Я встала и выглянула в коридор. Там был только охранник.
— Валера, где Борис Евгеньевич?
— Позвать?
— Да, очень вас прошу!
Между тем мадам Журасик изучала мои пометки на своей рукописи.
— А чем вас не устроила вот эта фраза? «Пора наконец бросить обрыдлую лиру и заняться нашим посконным настоящим делом!»
— Знаете, всем. Какое посконное дело может быть во французском романе?
— Это опечатка.
— Да? Допускаю, но что там было?
— Я сейчас не помню! А вот тут что?
— «Полы халата валялись на полу»! Потрясающе. Как они валялись — отдельно от халата?
— Глупости! Это просто был длинный халат.
— Вот и написали бы просто.
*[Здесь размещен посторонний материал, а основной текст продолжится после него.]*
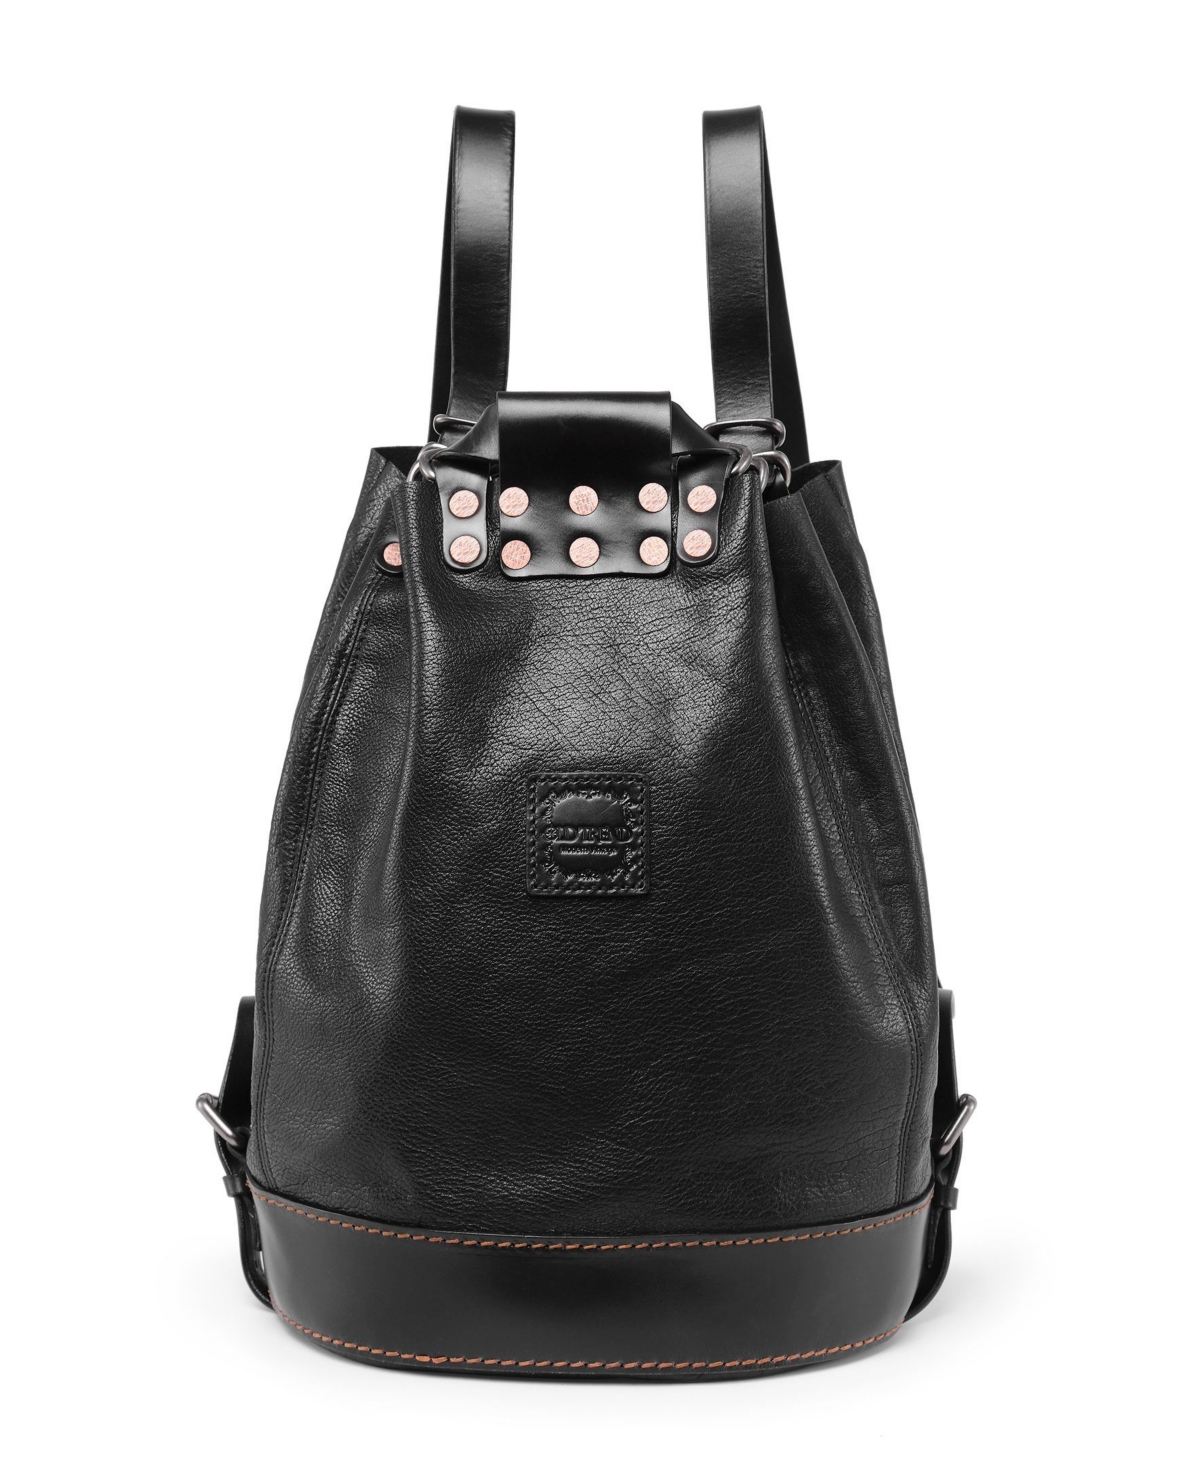 Women's Genuine Leather Canna Backpack - Cognac

А вот тут, где героиня поливает грядки? «У моркови воды навалом, а теперь ее ждет горох». Как воды может быть навалом?
— Так говорят, когда чего-то много.
— Да, можно даже сказать «У меня времени навалом», но воды навалом быть не может, тем более в авторской речи!
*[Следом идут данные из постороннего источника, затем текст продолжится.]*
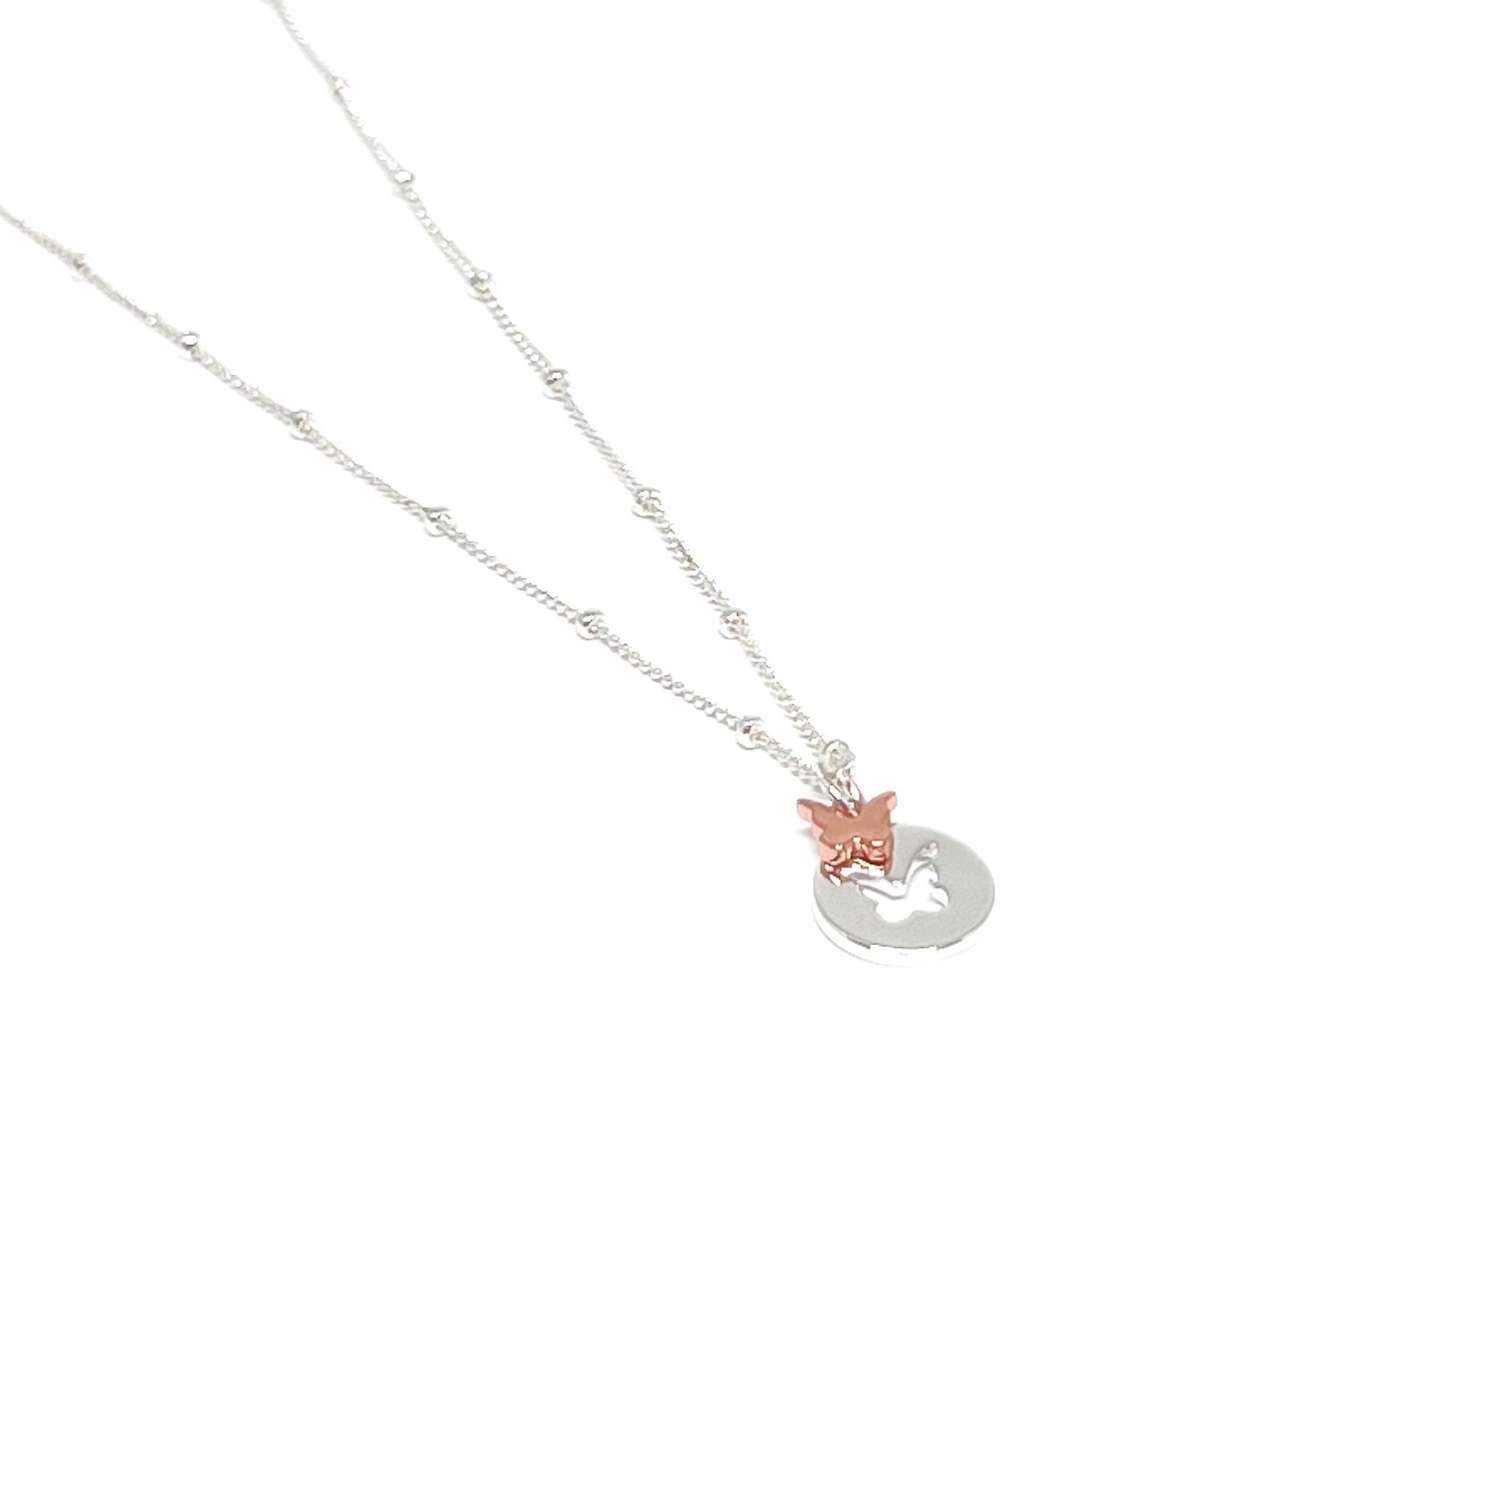 Tula Butterfly Necklace - Rose Gold

В этот момент в комнату заглянул испуганный Вырвизуб.
— Борис Евгеньевич! Это возмутительно! — заявила Антонина Дмитриевна. — Вы отдали мои произведения в руки какой-то наглой особе!
— Антонина Дмитриевна! — вдруг повысил голос Вырвизуб, — я попросил бы вас выбирать выражения…
— Напрасная просьба, — фыркнула я, — вот этого-то как раз Антонина Дмитриевна не умеет!
— Мария Никитична! — укоризненно покачал головой Вырвизуб.
— Я требую, чтобы вы отдали мой перевод на рецензию компетентному человеку, которому я могла бы доверять! Мнение этой… дамы для меня ничего не значит. Она мне просто завидует!
Вырвизуб болезненно поморщился.
— Мария Никитична, каково ваше заключение? — обратился он ко мне.
— Меня не интересует ее заключение! Тоже мне, эксперт, смазливая бабенка будет судить о моем творчестве!
— Во-первых, Мария Никитична всеми уважаемая очень известная переводчица, к тому же член Союза писателей, если хотите знать! — разозлился Вырвизуб. — А во-вторых, мы не имеем возможности платить рецензентам. Слово Марии Никитичны для нас имеет решающее значение.
— Значит, вы мне отказываете?
— Да. Раз так решила Мария Никитична. Наше издательство не хочет больше печатать первую попавшуюся макулатуру, обратитесь в любое другое. Уверен, многие с удовольствием вас напечатают!
Ай да Вырвизуб! Молодчина!
— Не понимаю, почему вы так слепо доверяетесь этой… этой… Знаете что? Давайте сделаем так! Позовите сюда других сотрудников!
— Зачем это? — оторопел Борис Евгеньевич.